The Tokyo National Museum has been able to achieve these conservation activities with the support of many specialists. In order to perform all of the necessary conservation activities, an enormous amount of both time and budget are needed. We, the Tokyo National Museum, would like to thank you for your understanding towards the importance of preserving important cultural properties.
Various Forms of Daily Care
Ukiyo-e prints are removed from acidic mounting boards and remounted on acid-free boards.
Swords are treated periodically to prevent rust.

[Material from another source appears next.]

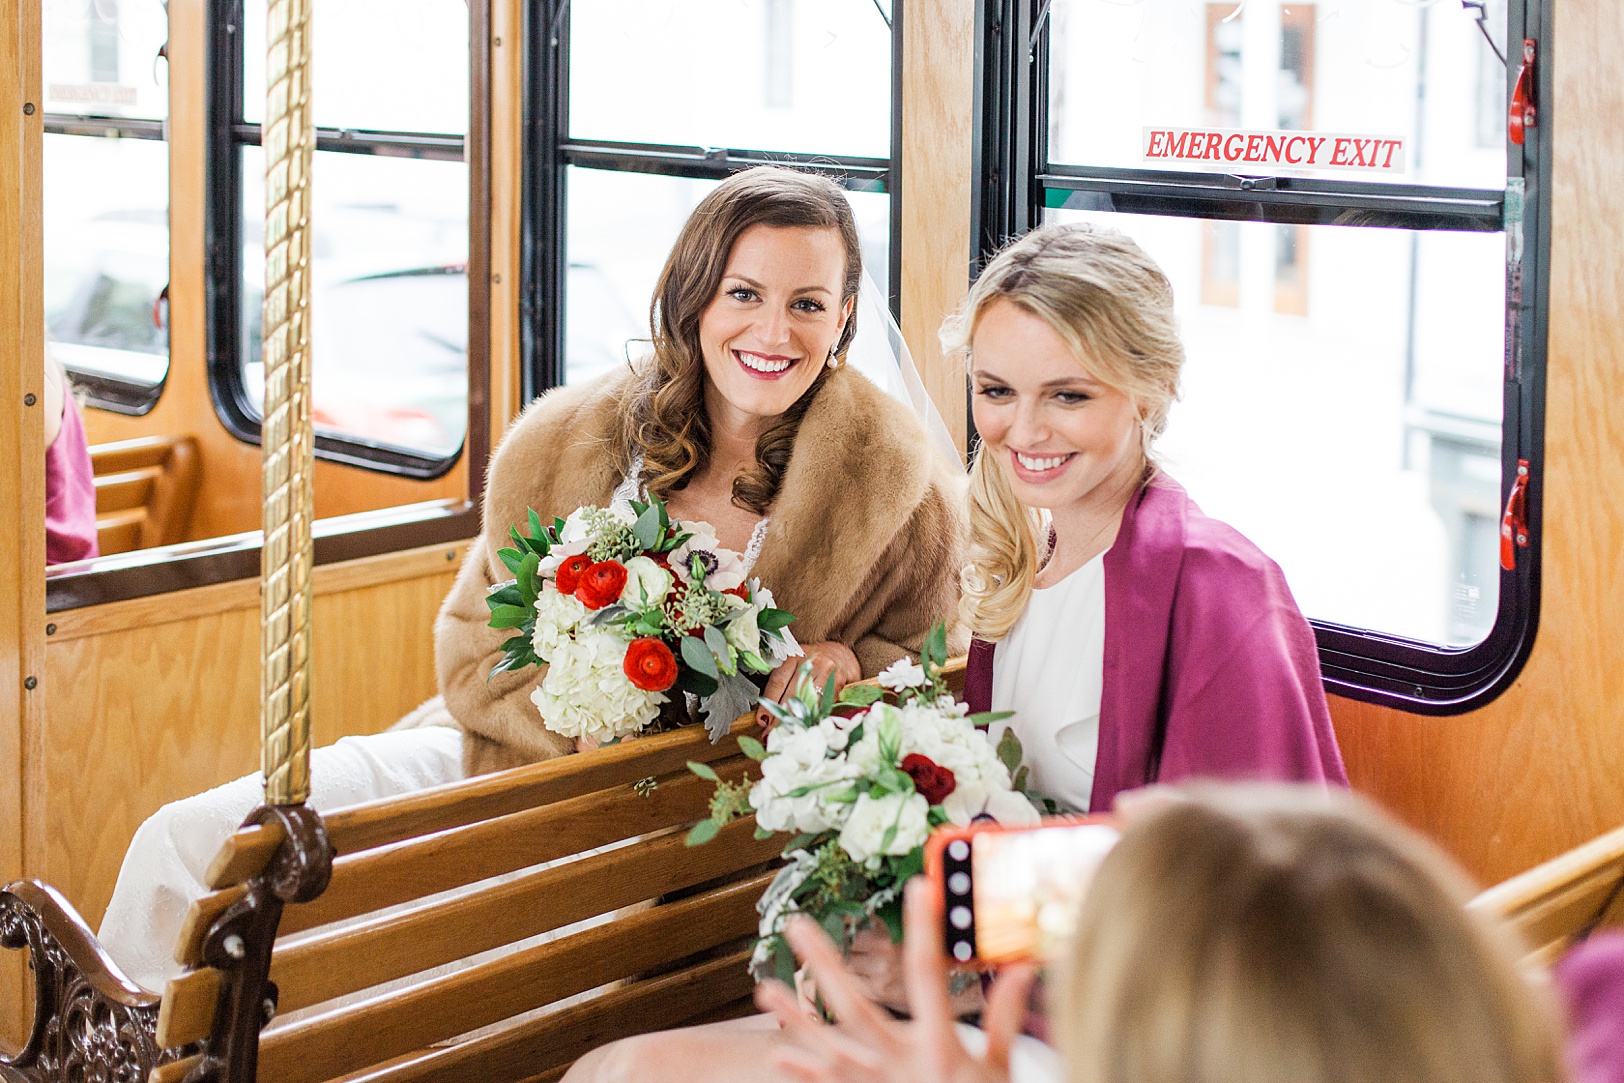 Charleston bride and her friends on the way to wedding on Lowcountry Trolley | Kaitlin Scott Photography

Records must be kept to thoroughly document an object's condition while performing investigations and curative conservation. Over the past ten years, the museum has produced nearly 6,000 condition reports. If the same pace is maintained, it will take nearly 6200 years to document all of the 110,000 objects in the museum's collection.
Condition of Store Rooms
The storage areas are being improved gradually by using a straightforward and steady method of assembling various elements. Ideal conditions are 22℃ and a relative humidity of 55%.
Accomplishments over the Past Ten Years
Through cooperation between conservators and non-museum specialists, conservators are able to perform minimum treatment within the museum on over 800 items each year. By improving the environmental conditions and performing maintenance more frequently, it is now possible to suppress the necessity of performing full scale treatment.
The museum publishes yearly reports on conservation treatments executed on cultural properties.